This is what the digital revolution brought us

This is what the digital revolution brought us

Paul Craig Roberts

Your information is everywhere on the internet. It is in your banking, financial, credit card, cell phone, internet, utility, and online purchase accounts and in the accounts of these companies’ service providers. Your information is in more places than you can imagine. The internet system is easy to hack, because it was created as an open system for the military.

Depending on what thieves gain access to, they may make purchases on your current credit cards and/or drain your bank accounts.  

Identity thieves can also use all or some of your data to open new credit or loan accounts – and then let the unpaid debts pile up.

By opening a lot of new accounts in a short period of time, thieves can lower your credit score. The repercussions of a low credit score are immense.

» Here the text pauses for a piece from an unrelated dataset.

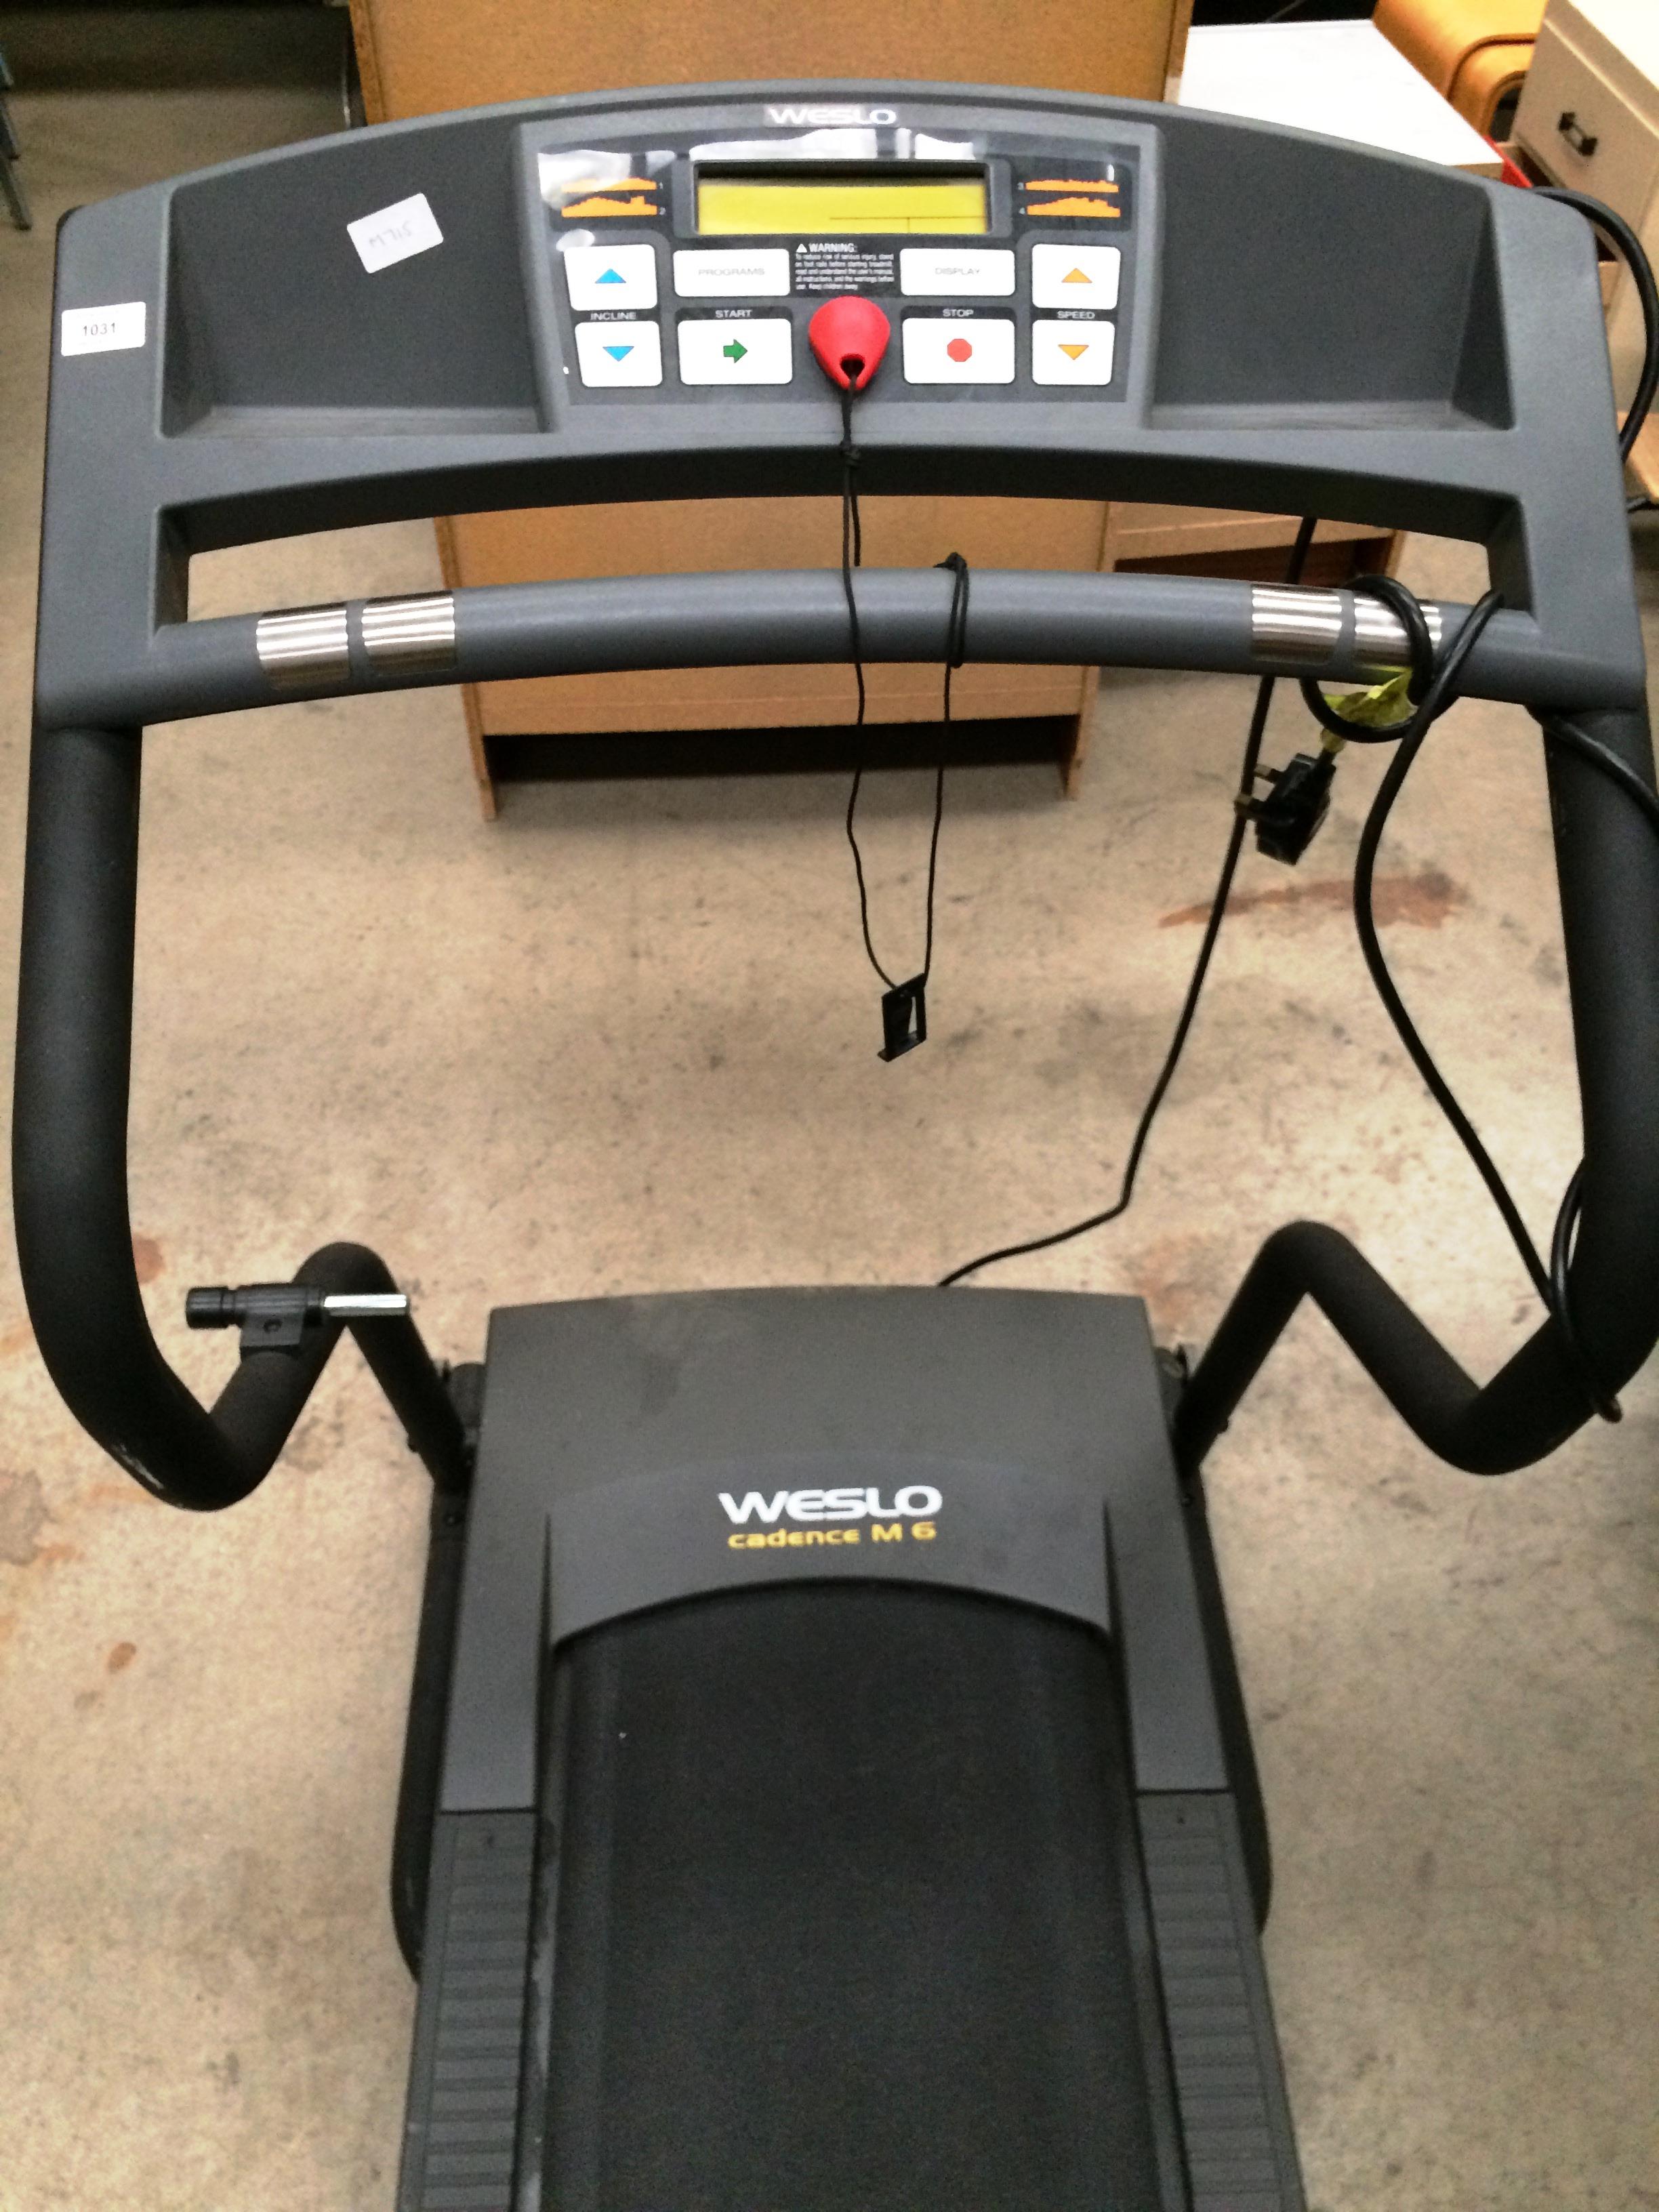 A Welso Cadence M6 running exercise machine with digital readout - 240v - Image 2 of 2
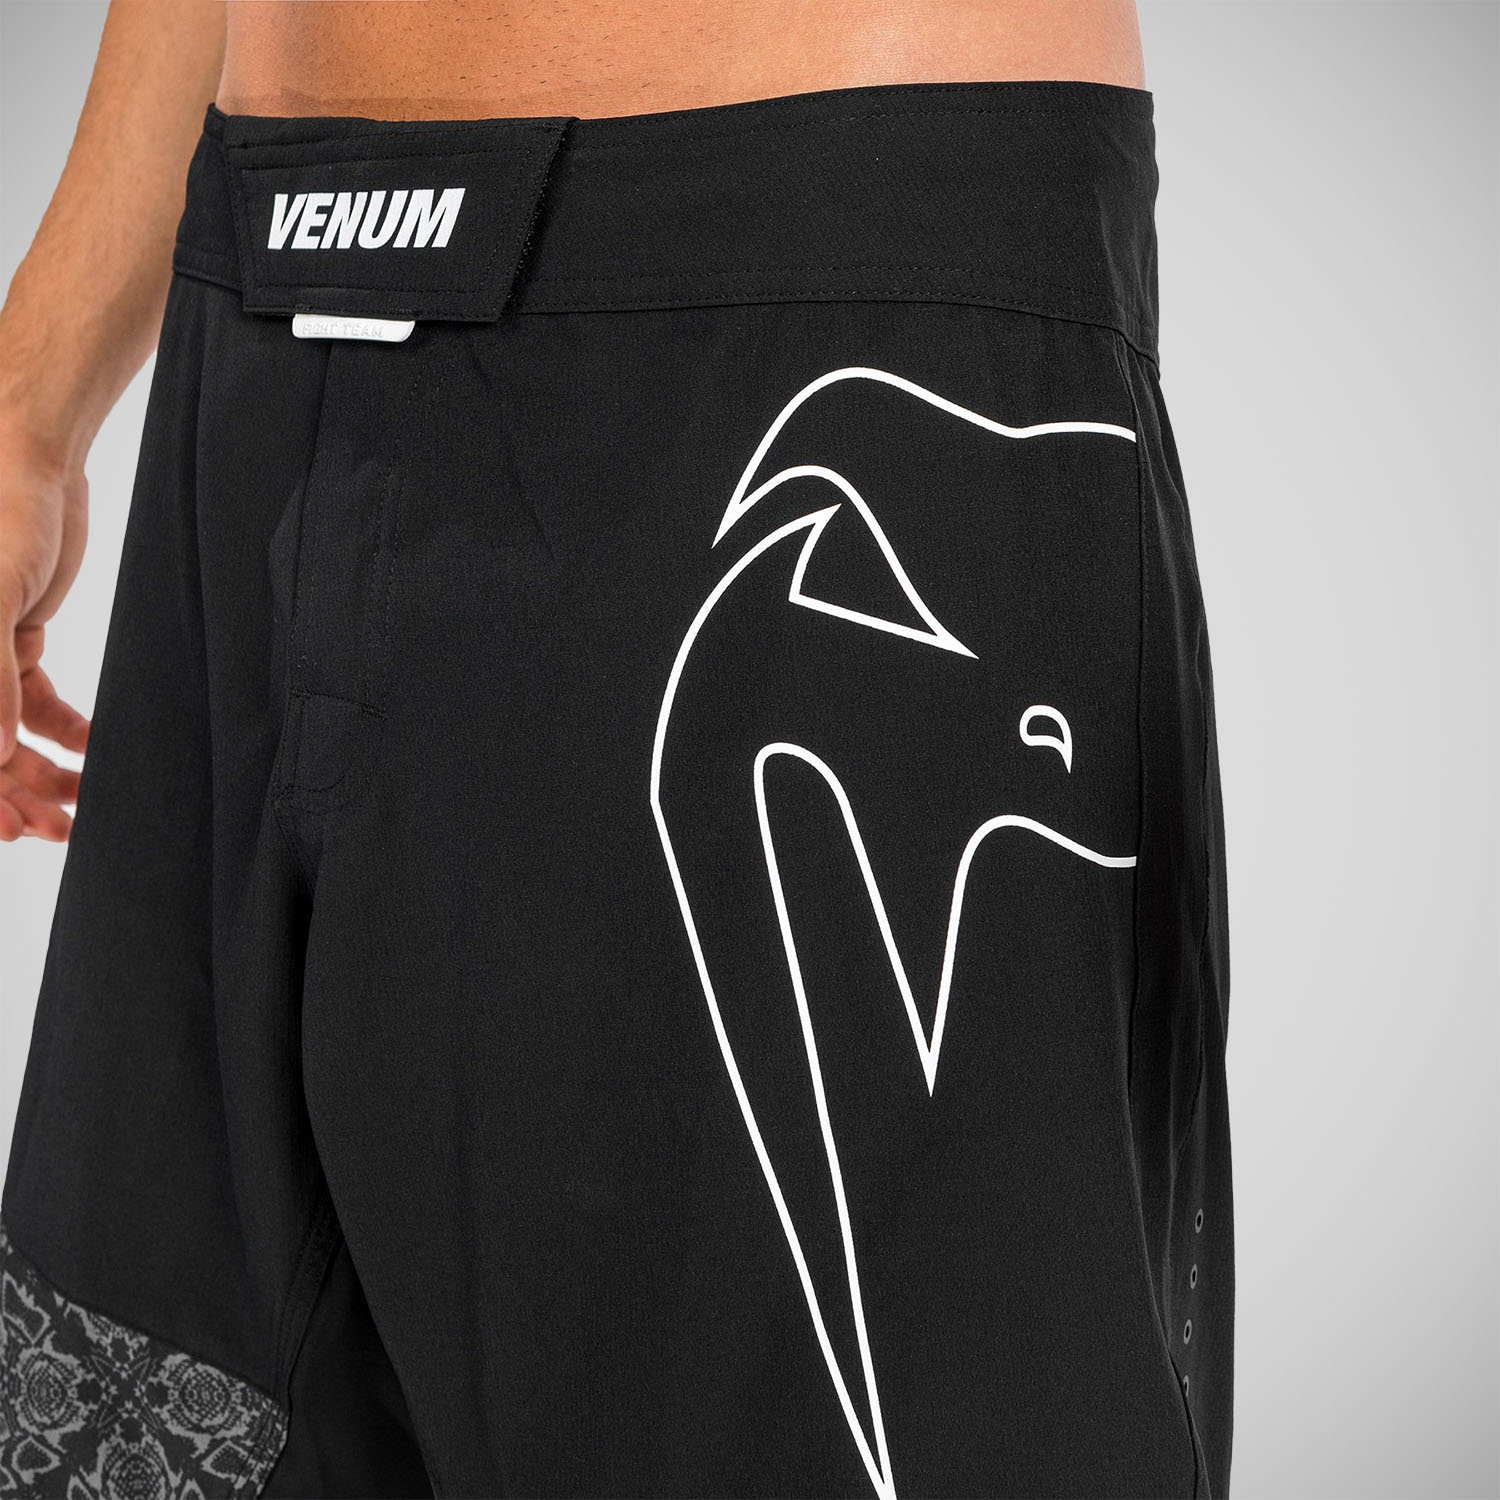 Black/White Venum Light 4.0 Fight Shorts from Made4Fighters

The FBI, the NSA can put kiddie porn on your computer and arrest you.

We can be spied on without warrants in violation of the Constitution.

Cyber security does not exist. It is a myth.

The digital revolution has totally destroyed our constitutional right to privacy and has left us insecure to every kind of malevolent event.

The shifting of all custom relations costs to the customer, resulting in service users spending endless time with a robot trying to correct service and account problems. Problems previously handled in 3 minutes now take 3 hours, sometimes three days.

The digital revolution has brought us kids who have never played outside in the sunshine and live in a world of video games. We now have reality-immune kids.

The digital revolution is the foundation for our coming Age of Tyranny.

The developers of the digital revolution are humanity’s worse enemies.

The only solution is to bring back the analogue days.